I remember reading about it in 2018, so I knew the outcome (who murdered whom), but I had no knowledge of the details.
I've met pathological liars in my lifetime, yet it still blows my mind (to answer the question) that people truly think they can get away with blatant and obvious lies. It's laughable when murder isn't on the table.
The documentary was well edited using pre-recorded data, so it felt more chilling to me.
Mario Is So Ashamed Of You
Two immediately spring to mind:
Inside Job (2010): A documentary about the financial crisis of 2008 and what caused it. A really interesting documentary that more people need to watch. Makes the boring world of finance interesting. Narrated by Matt Damon.
King of Kong: A Fistful of Quarters (2007): I mainly recommend this because it has aged so incredibly well. When it first came out, it was criticized heavily by those in the know for turning Billy Mitchell into the villain of the piece. Then, in 2018, it came out that Billy Mitchell achieved the score shown near the end of the film on MAME, which is very much against the rules of the competition as it becomes very easy to cheat. He's had all of his records wiped from Twin Galaxies. Very interesting film to watch with all the recent information that's come out.
A Daunting Expedition
Diving into the Unknown A cave diving expedition goes wrong and two divers die. Documentary starts with that dive, then covers the dive teams planning and execution of a recovery dive to bring their friends back, after the authorities say that nobody can recover them, it's too dangerous.

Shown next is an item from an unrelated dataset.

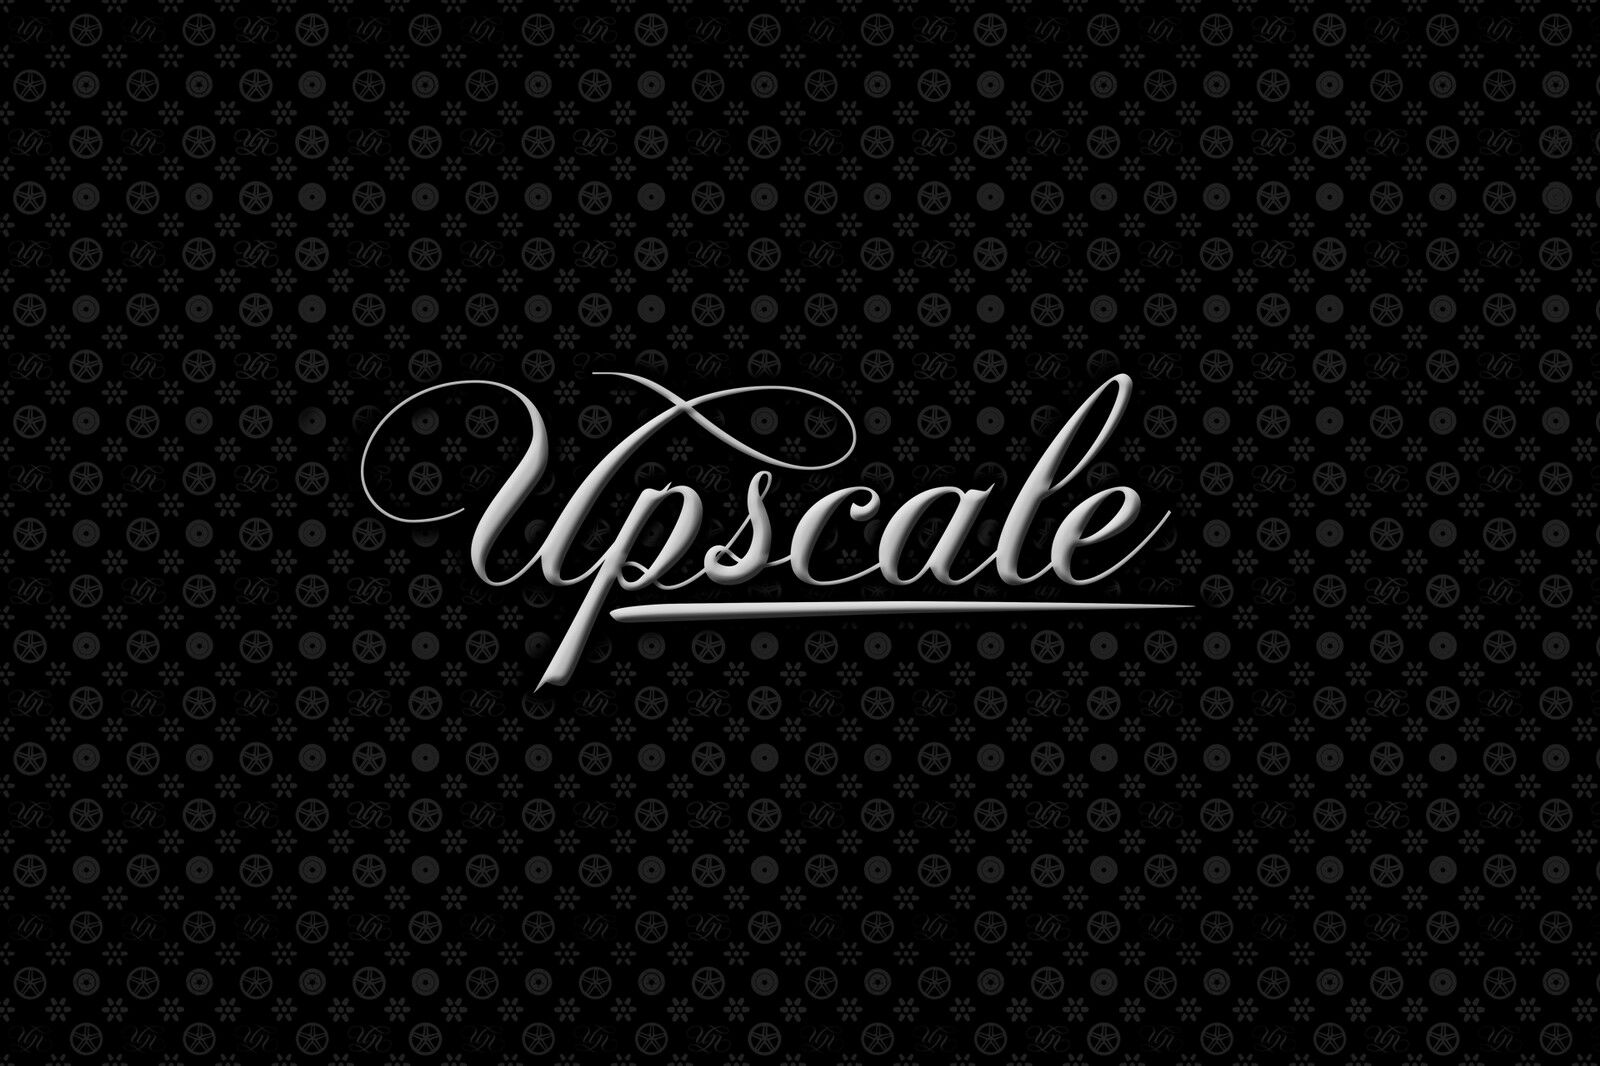 Texas-Upscale-Treasures

It's all in Finnish, so you need to be good with subtitles.
The World Is Ever Shifting
Go and watch David Attenborough: A life on our planet.
Brought into perspective the situation we as a people have put ourselves in and how great of an impact we are having on our surroundings.
I honestly cannot recommend this more highly. Should be made mandatory for any world leader to watch before having to make any decisions regarding climate change initiatives and decisions surrounding fossil fuels.
Stealing Under Our Noses
For me it were Inside Job (2010) about the origins of 2008 crisis and Enron: the smartest guy in the room (2005). Both exceptional pieces that could explain how big finance could be fraudulent and how people should pressure for more responsibility on the sector.Geister_faust
Lies And Truth
Edge of democracy.
It's a documentary of a brazilian party (known as Worker's party or PT as known there) that manipulated half of the population, there are many lies tho, like for example Dilma (an ex-president) told the truth and such, but it was proven that she wanted her partner to be in a position where he couldn't be arrested. She denied this (obviously)
It blows my mind that someone that wanted power for 40 years managed to divide the population.
You Either Care For Animals, Or The Internet Comes For You
I'm surprised no one has talked about "BlackFish". Really opened up my mind to what SeaWorld and zoos in general do with animals in captivity such as Orcas. Only went to seaworld once when I was 17 and I'll never go again.
Oh my gosh, I agree. I watched this randomly in the first two hours of a flight from NYC - London, and was so shook that I immediately turned to the stranger sitting beside me and asked him to watch it so we could talk about it. We ended up spending the rest of the flight talking about it and it stuck with me for days afterward.
Wait, They Believed Him?
The Imposter (2012). About a boy who went missing in Texas, then a young man from Spain makes the claim he's the missing boy 3 years later, despite an accent, different colored eyes, hair, etc. And the family supports the claim, but there's more to it. One of those stories that if it weren't true, no one would believe.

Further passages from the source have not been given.